0.3 — Anatomia de uma requisição HTTP (o coração de tudo)

Toda interação na web é um par requisição → resposta. Se você entender as partes, entende 80% do curso. Vamos dissecar.

A REQUISIÇÃO (o que o cliente manda)

POST /api/leads HTTP/1.1                 ← (1) linha inicial: MÉTODO + CAMINHO + versão
Host: feed-monetizacao.exemplo.dev        ← (2) cabeçalhos (headers): metadados
Content-Type: application/json
Authorization: Bearer eyJhbGci...
Cookie: cms_token=eyJhbGci...
                                          ← (linha em branco separa cabeçalho do corpo)
{"name":"João","whatsapp":"5511999998888"} ← (3) corpo (body): os dados enviados

(1) Método — o verbo, diz a intenção:

Método Intenção Analogia Muda dados?
GET ler algo "me mostra o cardápio" Não
POST criar algo "quero fazer um pedido novo" Sim
PUT / PATCH alterar algo existente "muda meu pedido" Sim
DELETE apagar algo "cancela meu pedido" Sim (destrutivo!)

É por isso que o semáforo de segurança do seu tutorial funciona: GET é 🟢 verde (só lê), POST é 🟡 amarelo (cria), DELETE é 🔴 vermelho (destrói).
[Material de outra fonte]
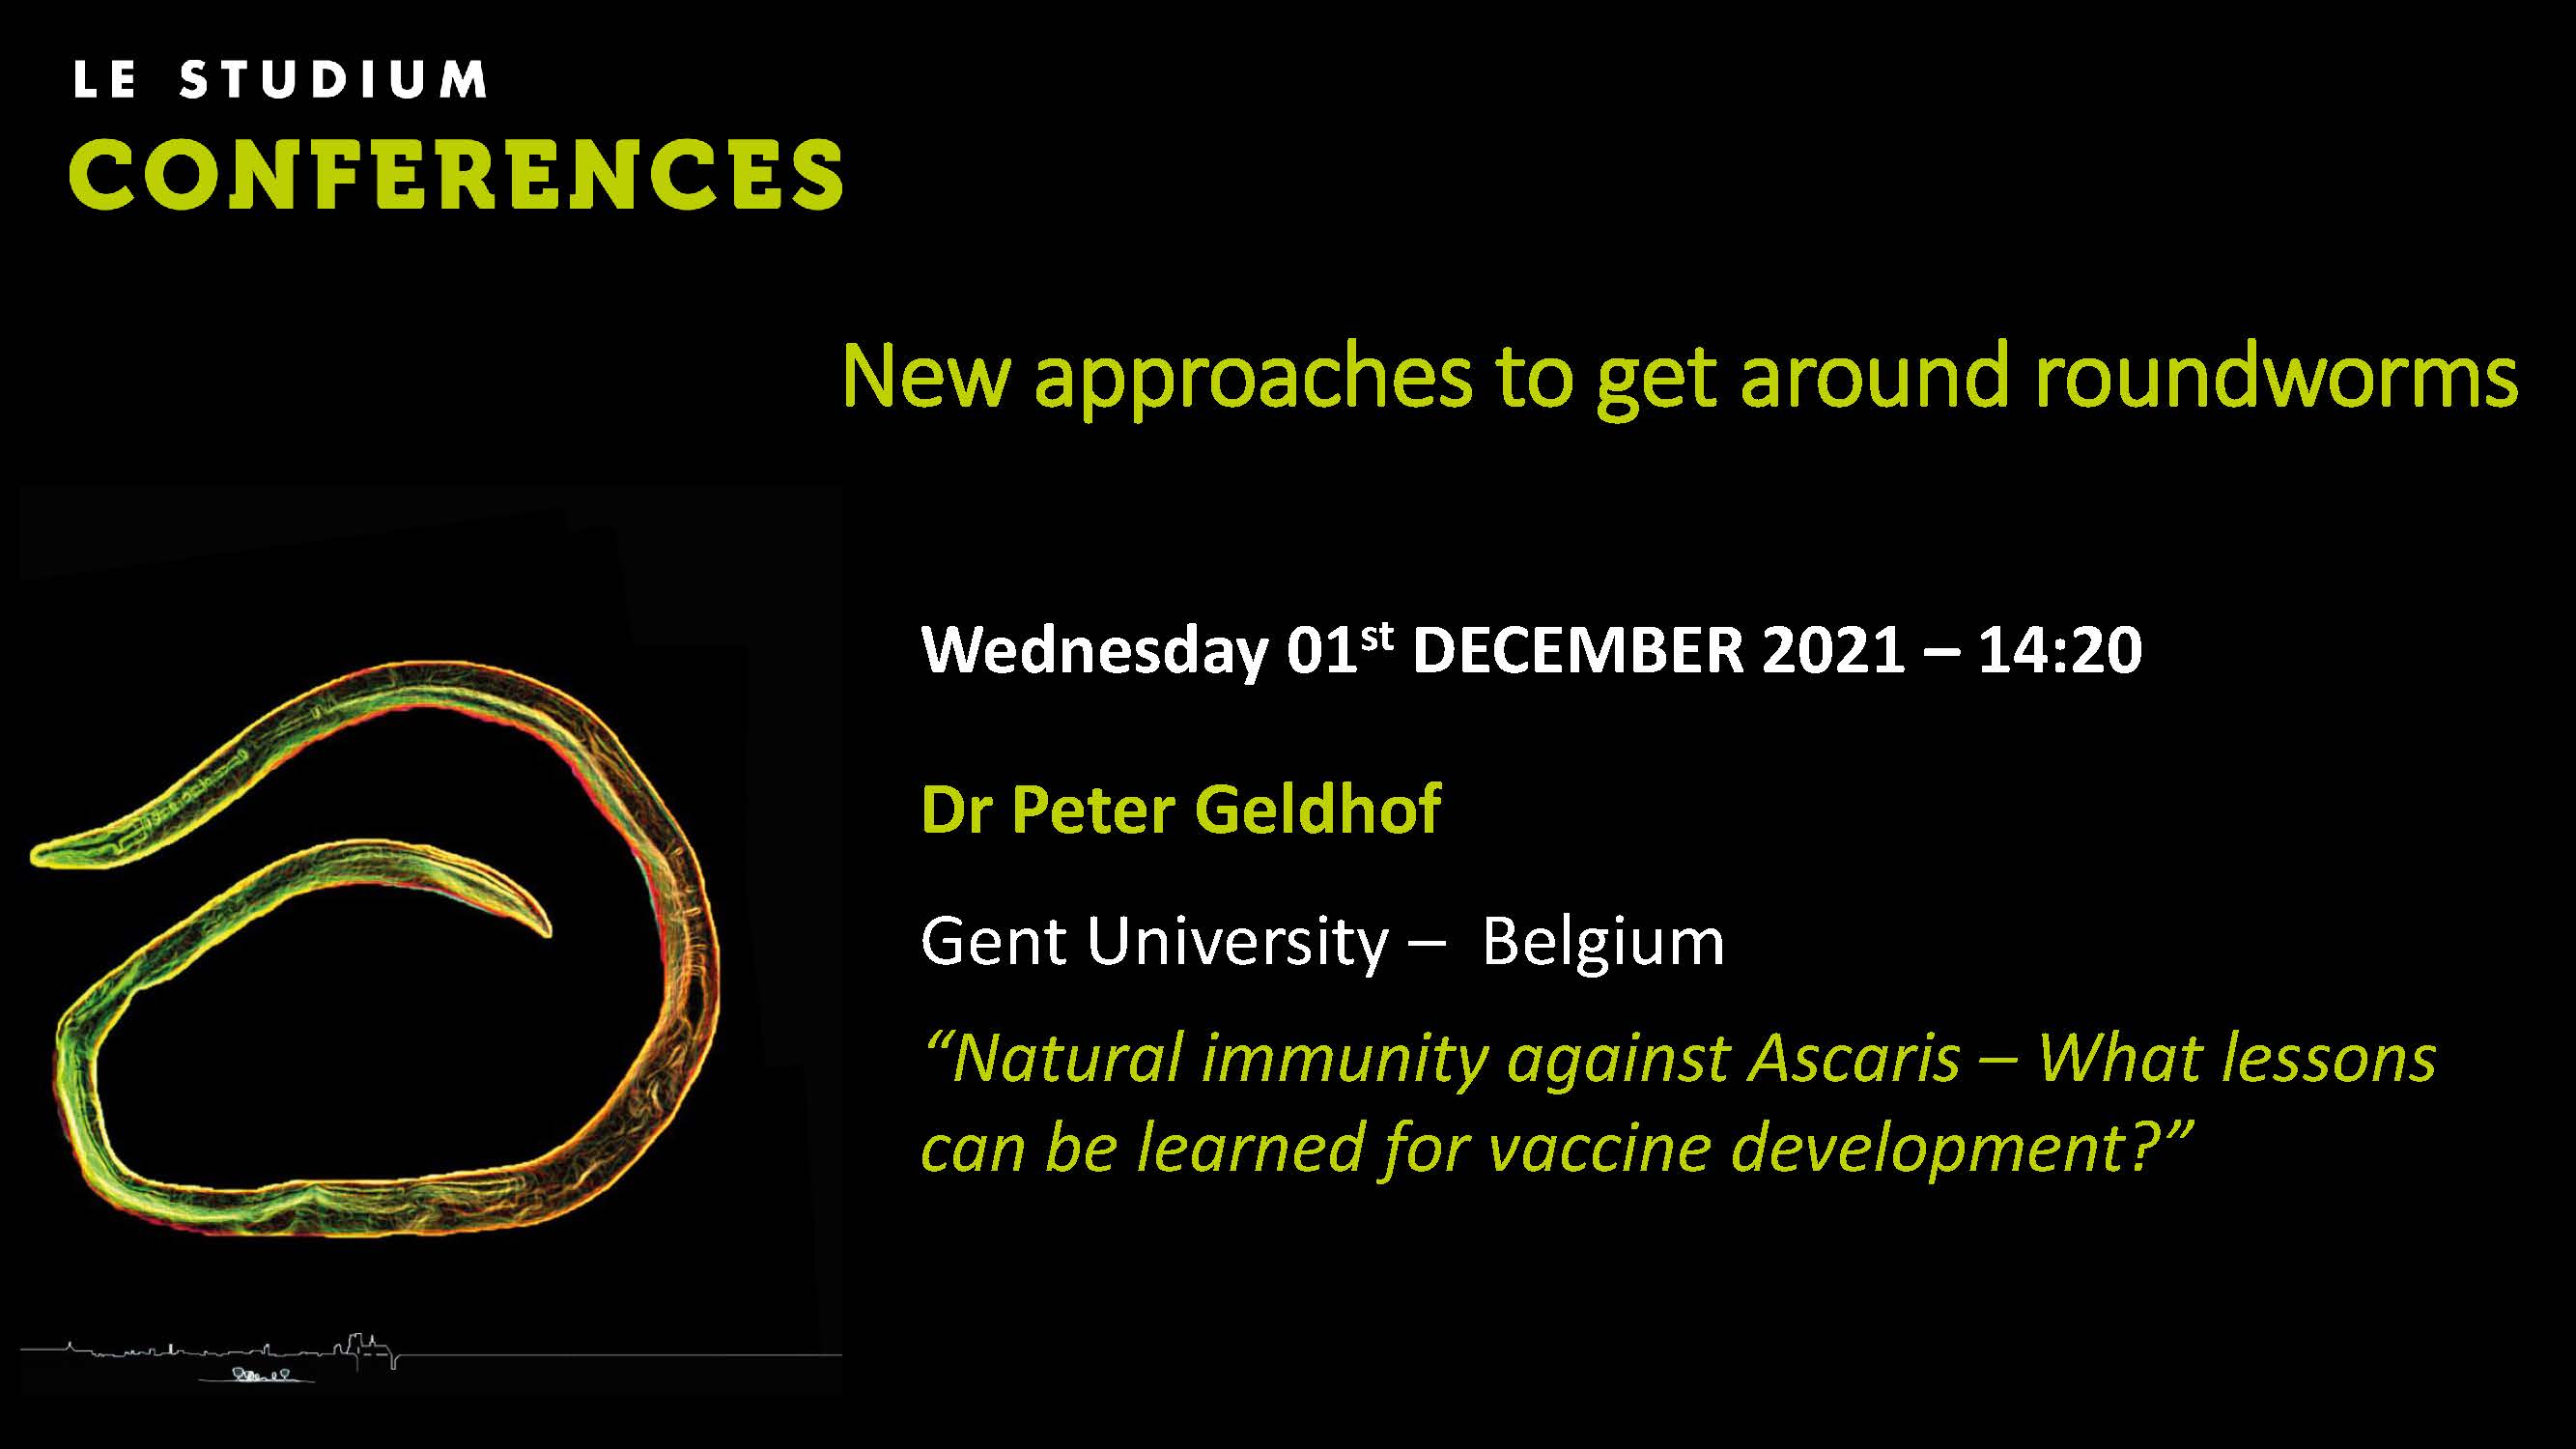 Dr Peter Geldhof - Natural immunity against Ascaris – What lessons can be learned for vaccine development?

O método já diz o risco.

(1) Caminho (path)onde: /api/leads é o "endereço" dentro do site. Cada caminho é um endpoint (um ponto de entrada da aplicação). O conjunto de todos os endpoints é a superfície de ataque — quanto mais portas, mais lugares para testar.
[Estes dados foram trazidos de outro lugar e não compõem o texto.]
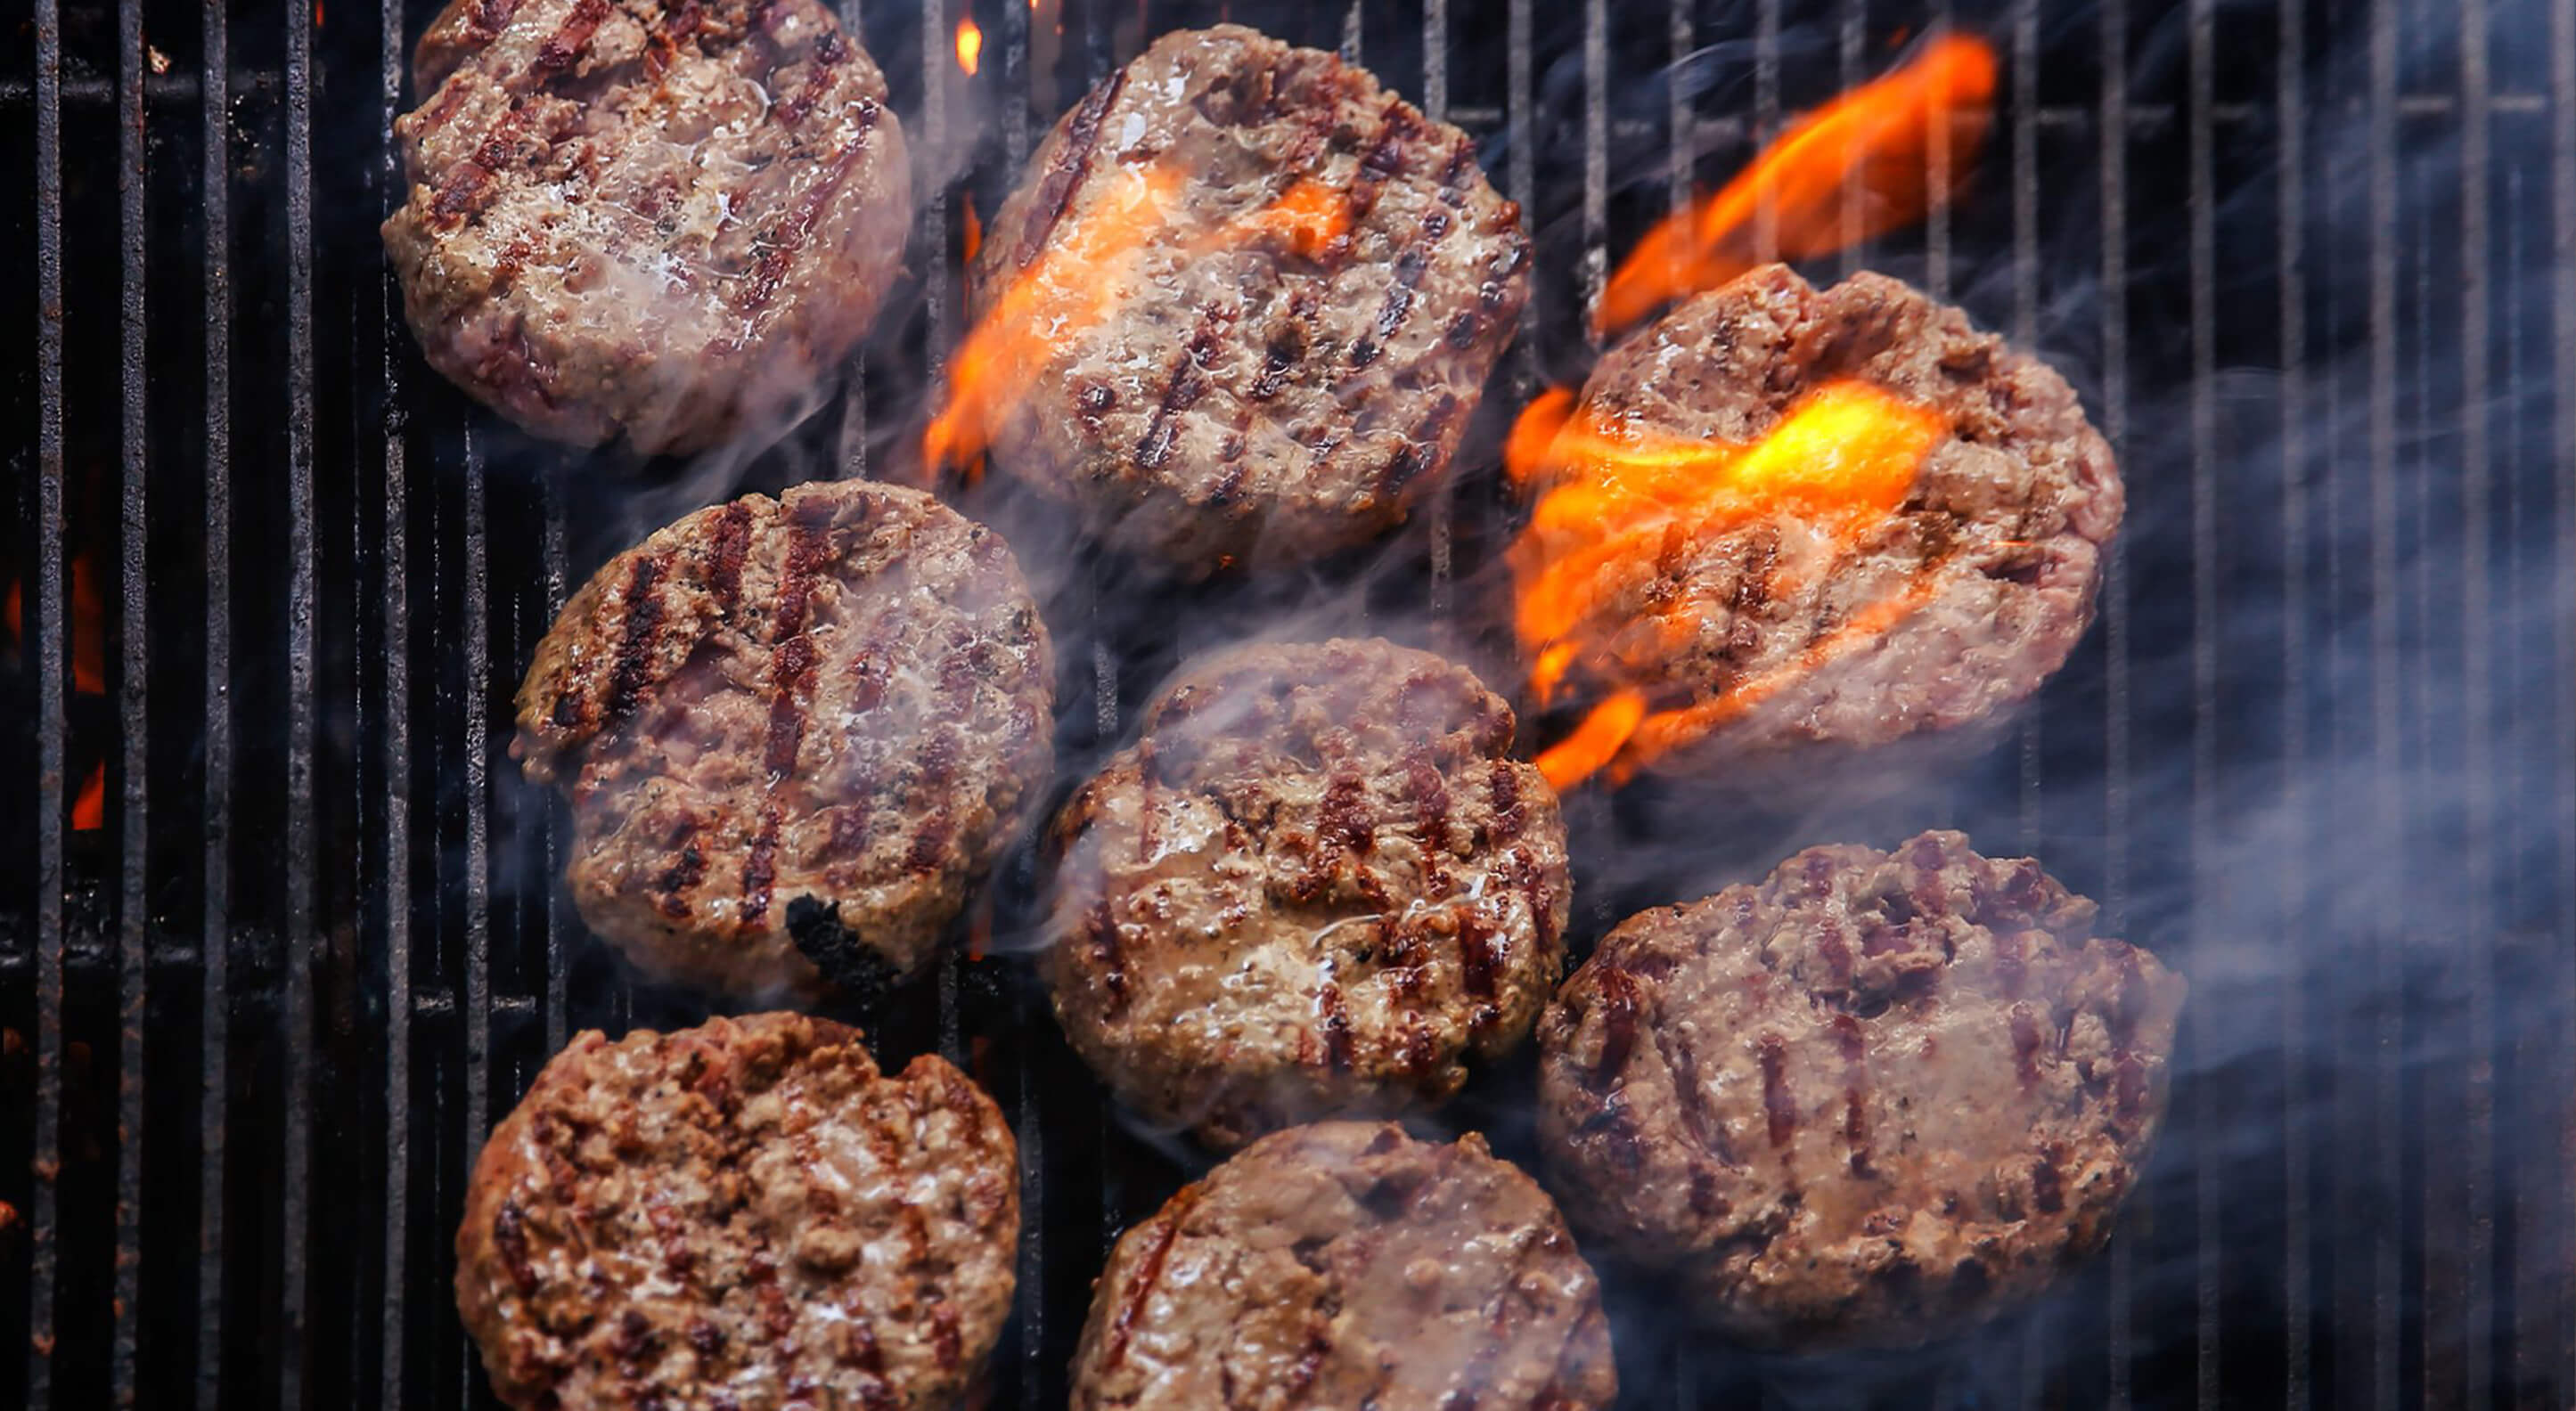 burger being cooked on a barbecue grill

(2) Cabeçalhos (headers)metadados do pedido: quem você diz ser, que formato manda, que idioma prefere. Dois são cruciais para segurança:

  • Authorization: Bearer <token> — sua "credencial" (veja 0.7).
  • Cookie: ... — dado que o navegador guarda e reenvia automaticamente (veja 0.6).

(3) Corpo (body) — os dados de fato, normalmente em JSON (veja 0.8). Só POST/PUT/PATCH costumam ter corpo.

A RESPOSTA (o que o servidor devolve)

HTTP/1.1 201 Created                      ← (1) código de status
Content-Type: application/json            ← (2) cabeçalhos da resposta
Set-Cookie: cms_token=...; HttpOnly       
                                          
{"success":true,"id":"abc-123"}           ← (3) corpo da resposta

(1) Código de status — um número de 3 dígitos que resume o que aconteceu. Você precisa decorar estas famílias:

Faixa Significa Exemplos que importam
2xx Deu certo 200 OK (leu), 201 Created (criou)
3xx Redirecionamento 301/302 (vá para outro lugar), 307
4xx Você errou / foi barrado 400 (pedido inválido), 401 (sem login), 403 (proibido), 404 (não existe), 405 (método errado), 429 (rate limit — bom!)
5xx O servidor errou 500 (erro interno — às vezes é o achado!), 502/503 (caiu)

A leitura de segurança do status é contextual. Um 200 no feed público é ótimo. Um 200 num endpoint de admin que deveria pedir login é um achado crítico — o sistema deixou você entrar sem credencial. Mesmo número, significados opostos. É por isso que "qualquer 200 em endpoint protegido = achado" (do seu Ex. 2).

(2) Cabeçalhos da resposta — aqui moram várias defesas (CSP, HSTS, X-Frame-Options) e vários vazamentos (x-powered-by: Next.js conta ao atacante qual tecnologia você usa → ele busca falhas dessa tecnologia). Você vai aprender a ler isso no Ex. 1.

(3) Corpo da resposta — o conteúdo: a página HTML, ou o JSON com os dados.

🎯 Fixe: requisição = método + caminho + cabeçalhos + corpo. Resposta = status + cabeçalhos + corpo. Toda ferramenta (curl, Burp, navegador) só manipula essas 8 coisas. Domine-as e nada mais te assusta.